We will employ data analysis and visualization techniques to uncover patterns, trends, and important factors associated with accidents
        

In [None]:
pip install opendatasets --upgrade --quiet


#### Libraries used for this project


In [None]:
import opendatasets as od
import pandas as pd
import seaborn as sns
sns.set_style('darkgrid')
import folium 
from folium import plugins
from folium.plugins import HeatMap
from folium.plugins import MarkerCluster
import matplotlib.pyplot as plt

#### Get the data

In [None]:
download_url='https://www.kaggle.com/datasets/sobhanmoosavi/us-accidents'
od.download(download_url)
data_filename='./us-accidents/US_Accidents_March23.csv'
df=pd.read_csv(data_filename)


#### Understanding our data 





In [None]:
#Display 5 rows from the DataFrame
df.head(5)

In [None]:
# Get the rows and columns
rows,columns = df.shape
print(f'This dataset contains rows: {rows} and columns :{columns}')

In [None]:
# Get the type of each 
df.info()

In [None]:
##get the columns with only numeric datatype to perform statistical analysis
df.select_dtypes(include='number').columns.tolist()

In [None]:
# Check if all the cases are unique
unique_ids = df['ID'].nunique()
print(f"Number of unique cases (based on ID): {unique_ids}")

#### Data Cleaning

##### Handle Missing Values

In [None]:
#Percentage of missing values per column
Missing_percentage=(df.isnull().sum().sort_values(ascending=False) / len(df)) * 100
Missing_percentage[Missing_percentage!=0].plot(kind='barh')

In [None]:
#Remove columns with missing values which will not add value to our analysis
df.drop(columns=['End_Lat','End_Lng','Precipitation(in)','Street','Wind_Chill(F)','Timezone','Zipcode'], inplace=True)

In [None]:
# Check if the data has duplicates
df.duplicated().sum()

###### There are no duplicates in our dataset

In [None]:
Missing_percentage=df.isnull().sum()

#### Exploratatory analysis

    We will consider below columns for our analysis
        1. City - Shows the city in address field.
        2. Start Time - Shows start time of the accident in local time zone.
        3. Start Lat, Start Lng - Shows the latitude and longitude in GPS coordinate of the start point.
        4. Temperature - Shows the temperature (in Fahrenheit).
        5. Weather Condition - Shows the weather condition (rain, snow, thunderstorm, fog, etc.)

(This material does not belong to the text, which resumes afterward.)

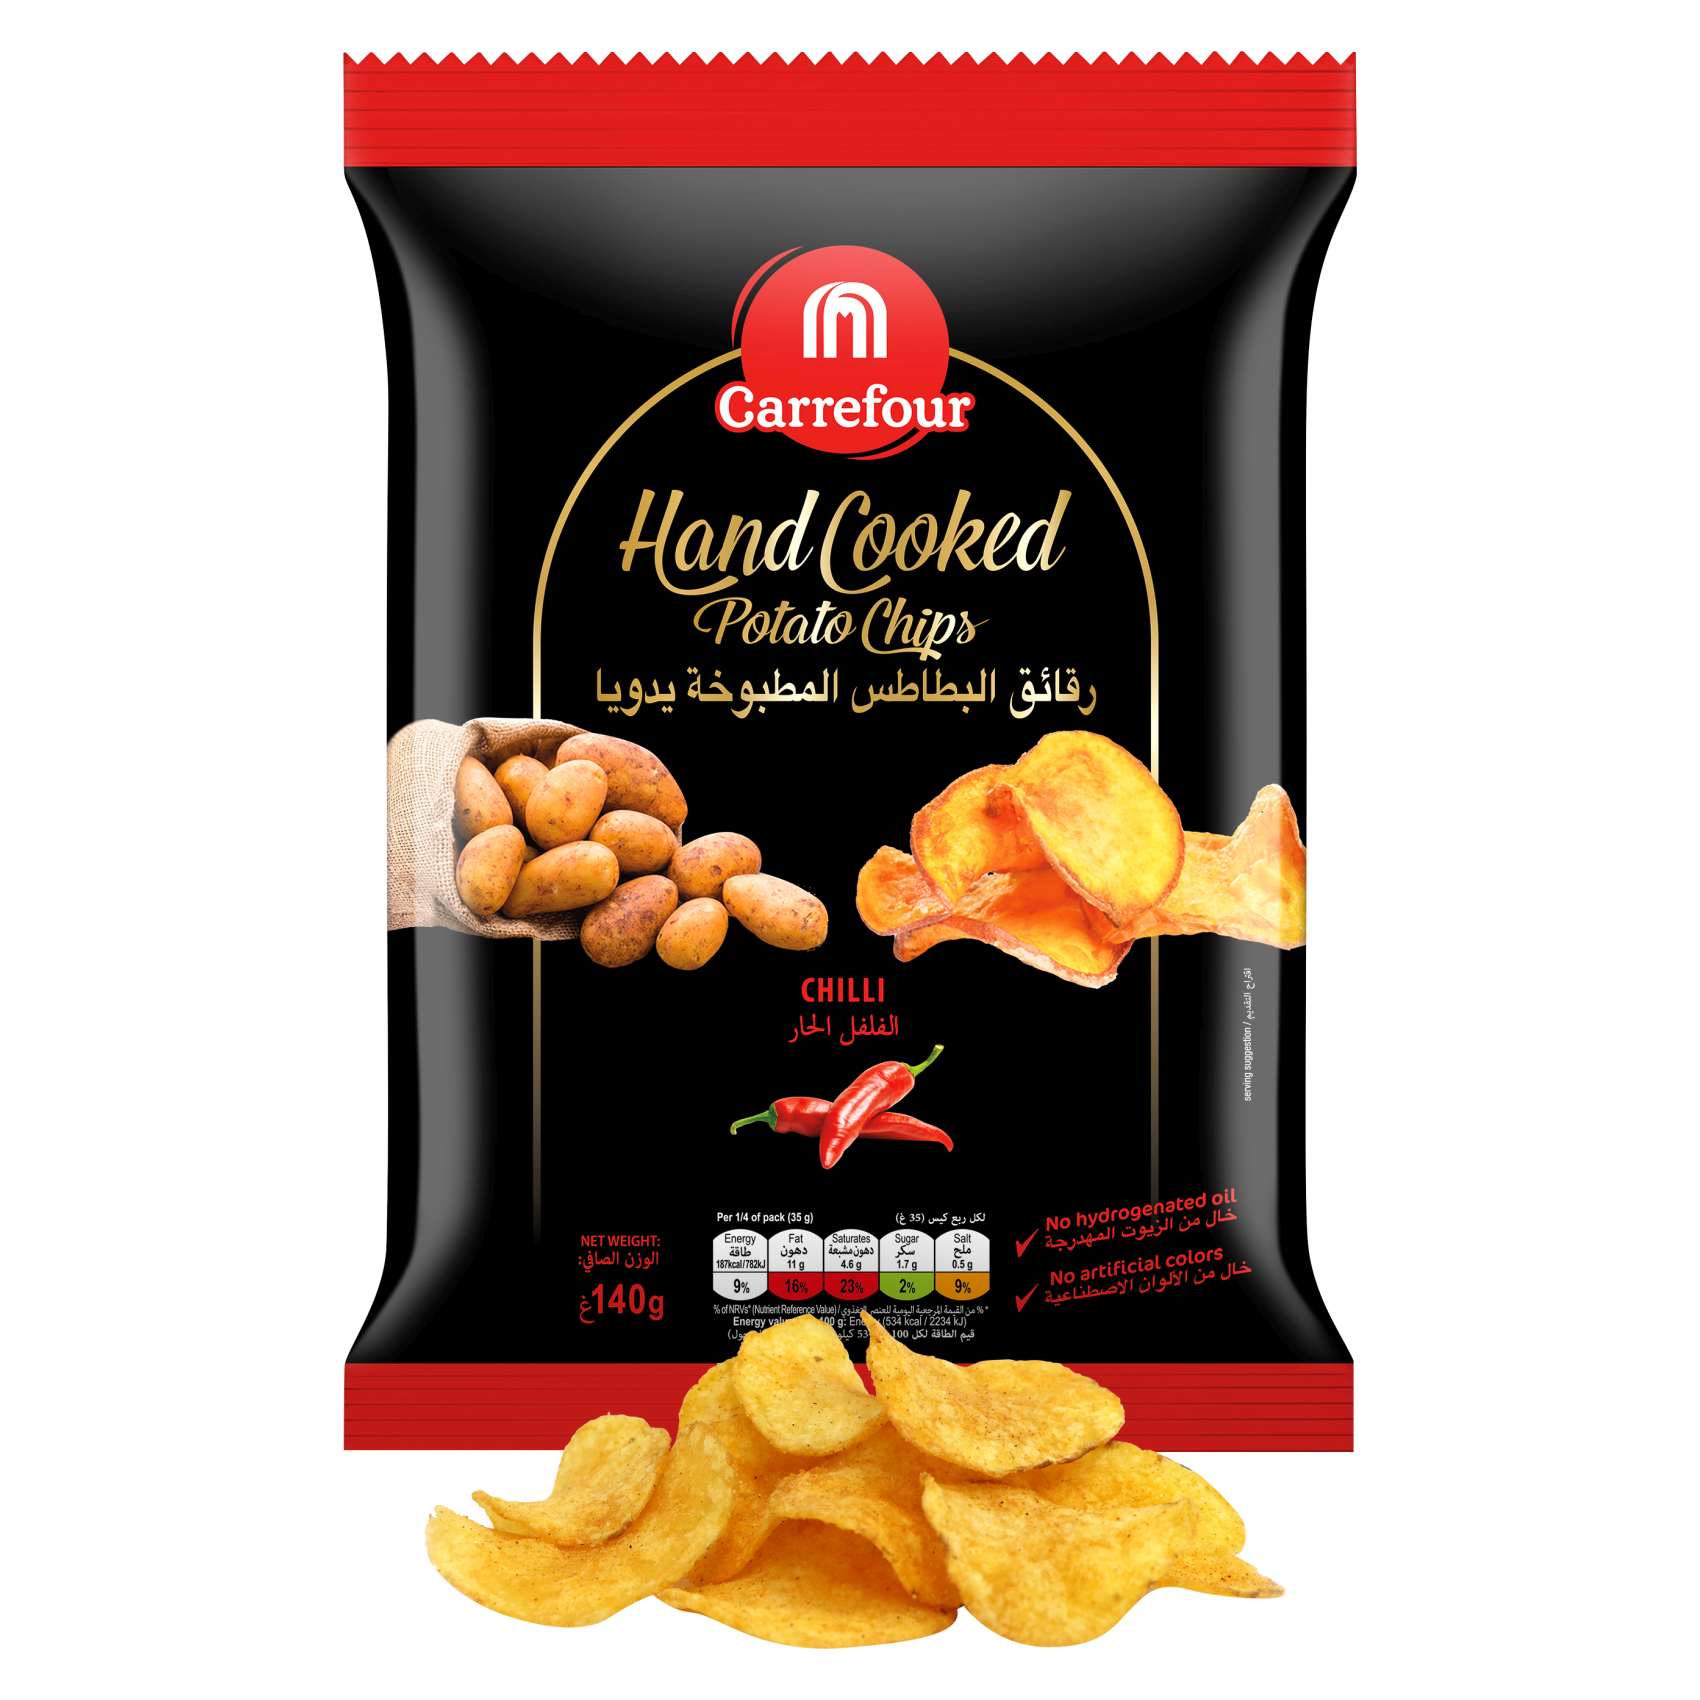 Carrefour Handcooked Potato Chips With Chili 140g

##### Plot a horizontal bar graph to analyse top 10 cities with highest accidents

In [None]:
cities_by_accident=df.City.value_counts()
cities_by_accident[:10].plot(kind='bar', title='Accidents by City', ylabel = 'Accidents Count',xlabel='City Name')


##### Among the top 100 cities in number of accidents, which states do they belong to 

In [None]:
Top100=df.City.value_counts().head(100).index

In [None]:
filt=df['City'].isin(Top100)

In [None]:
Stats=df.loc[filt,['State']].value_counts().head(20).plot(kind='bar')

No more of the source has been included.